If the animal's eyes are open, apply artificial tears to prevent injury from drying and UV exposure. Turn on the UV source consisting of two UVB lamps with a peak output of 313 nanometers and a range of 280 to 370 nanometers. Allow the lamp to equilibrate to a constant UV output before using a UV photometer with the UVB sensor to verify the output.

Based on the UV transmission rate as measured by the UV photometer, calculate the UV exposure time for each desired dose. For example, your lamp's UVB output measures 2.4 milliwatts per square centimeter. Therefore, to administer 5 kilojoules per square meter, the skin would need to be exposed to 208 seconds of UVB radiation as calculated here.

Next, place the sedated animal's ventral surface down to ensure even UV exposure. To administer the chosen dose of radiation, sequentially remove the small pieces of tape covering the holes at the appropriate time.

For example, if 40 kilojoules per square meter is the largest dose, the mouse would be under the lamp for 27 minutes and 47 seconds and the hole for this dose would be exposed from the beginning. However, for the 5 kilojoules per square meter condition, the tape would be removed with 208 seconds of exposure time remaining. After UV exposure, carefully remove the tape and place the animals in a warm quiet place to recover from anesthesia before returning them to their cages.

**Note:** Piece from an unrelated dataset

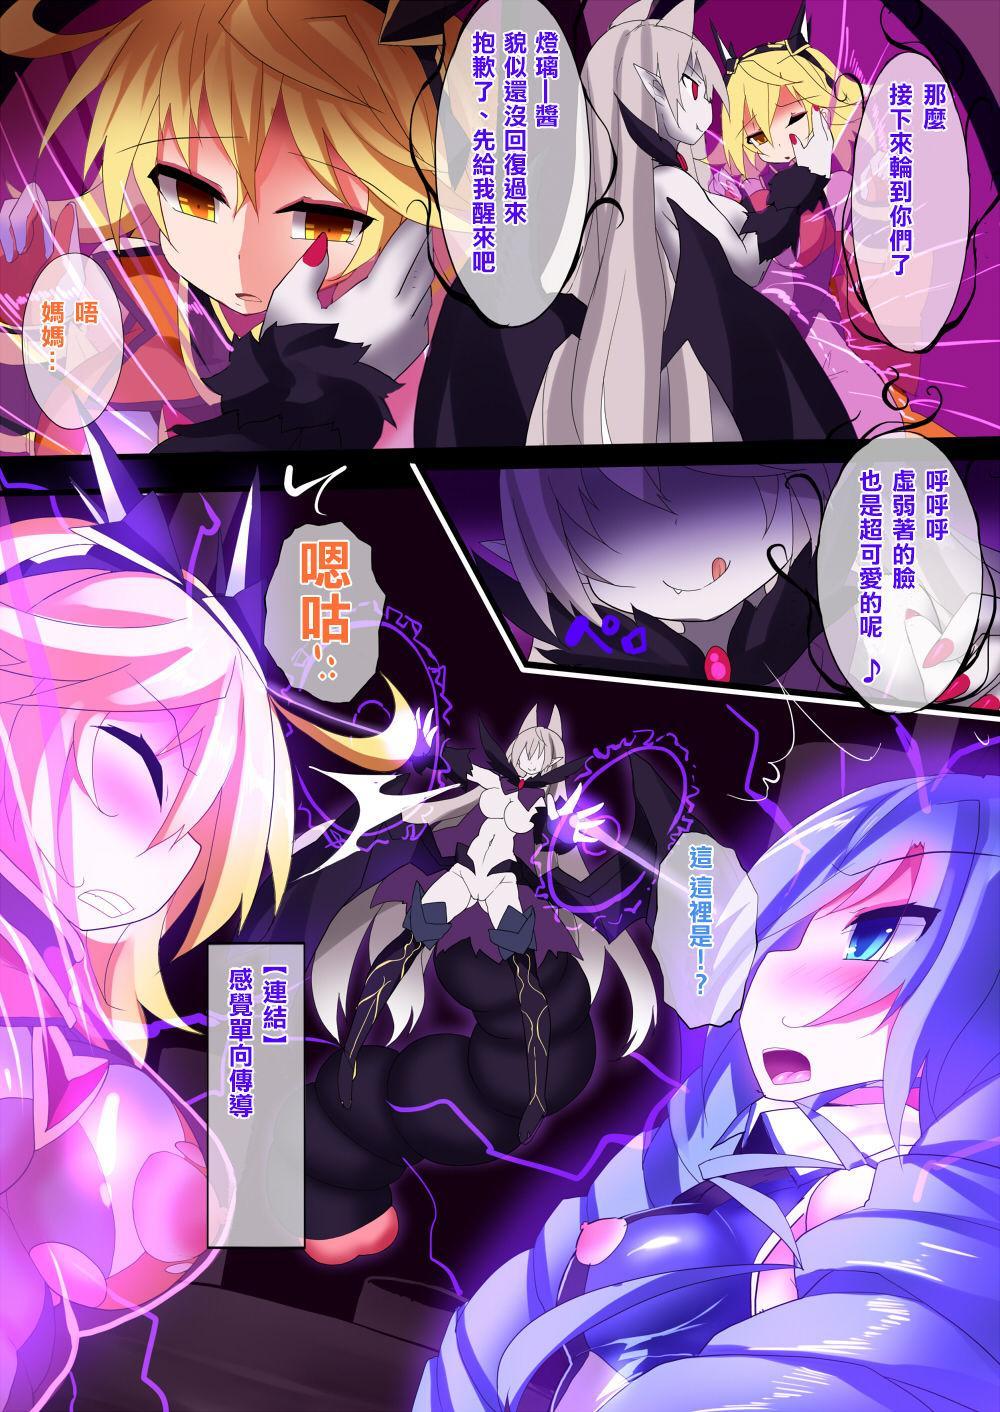 [Makutsutei (Nagai Wataru)] Orgasm Unit EX -Mahou Senshi Akari Ch. 1-5 [Chinese] [这很恶堕 x Lolipoi汉化组] 131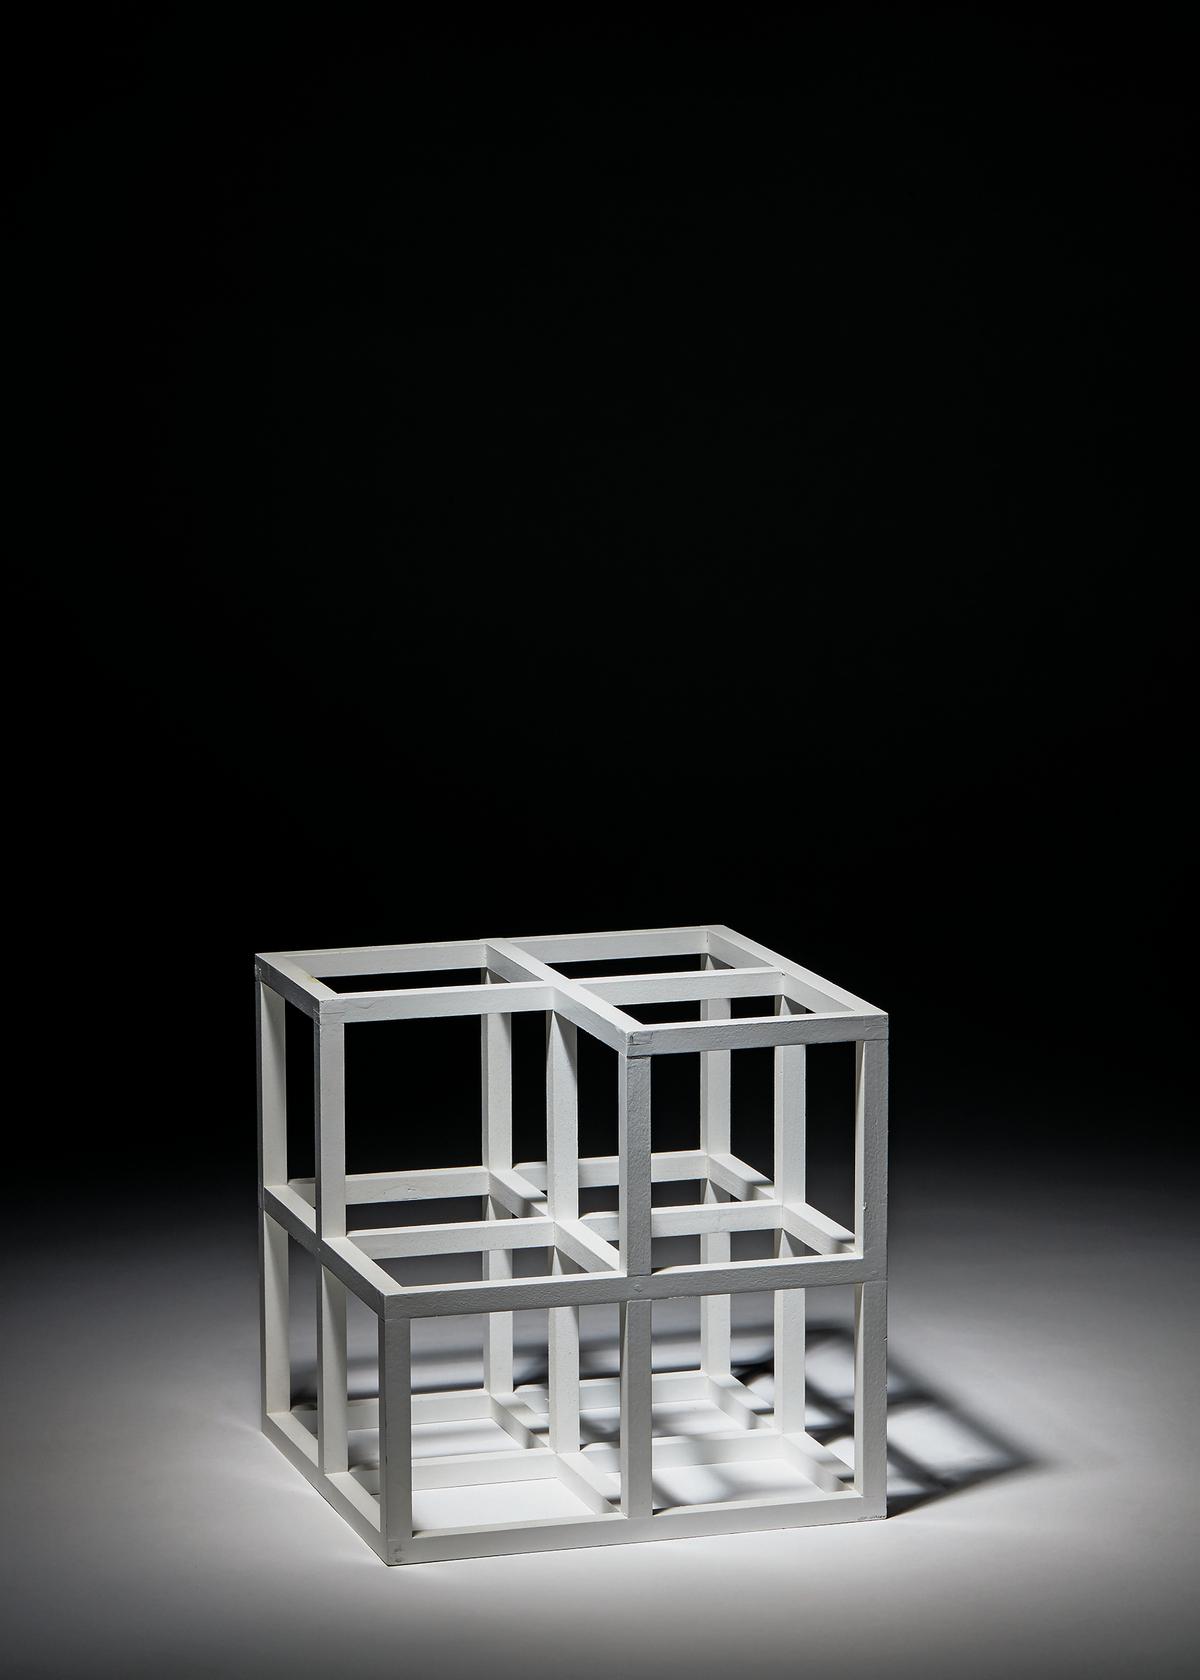 Grid_Sculpture.jpg

The Minimal Erythematous Dose, or MED, value corresponds to the minimum dose of UV that causes inflammation as defined by erythema and/or edema of the entire exposed circle of skin. Monitor the mouse for 24 to 48 hours to look for discrete areas of erythema or edema in the UV exposed areas.

Sometimes, residual fur stubble confounds interpretation of the MED testing by masking underlying skin erythema or edema. Wetting the skin with 70% ethanol makes the skin much more interpretable. Document any skin findings photographically and then return the mice to the animal facility.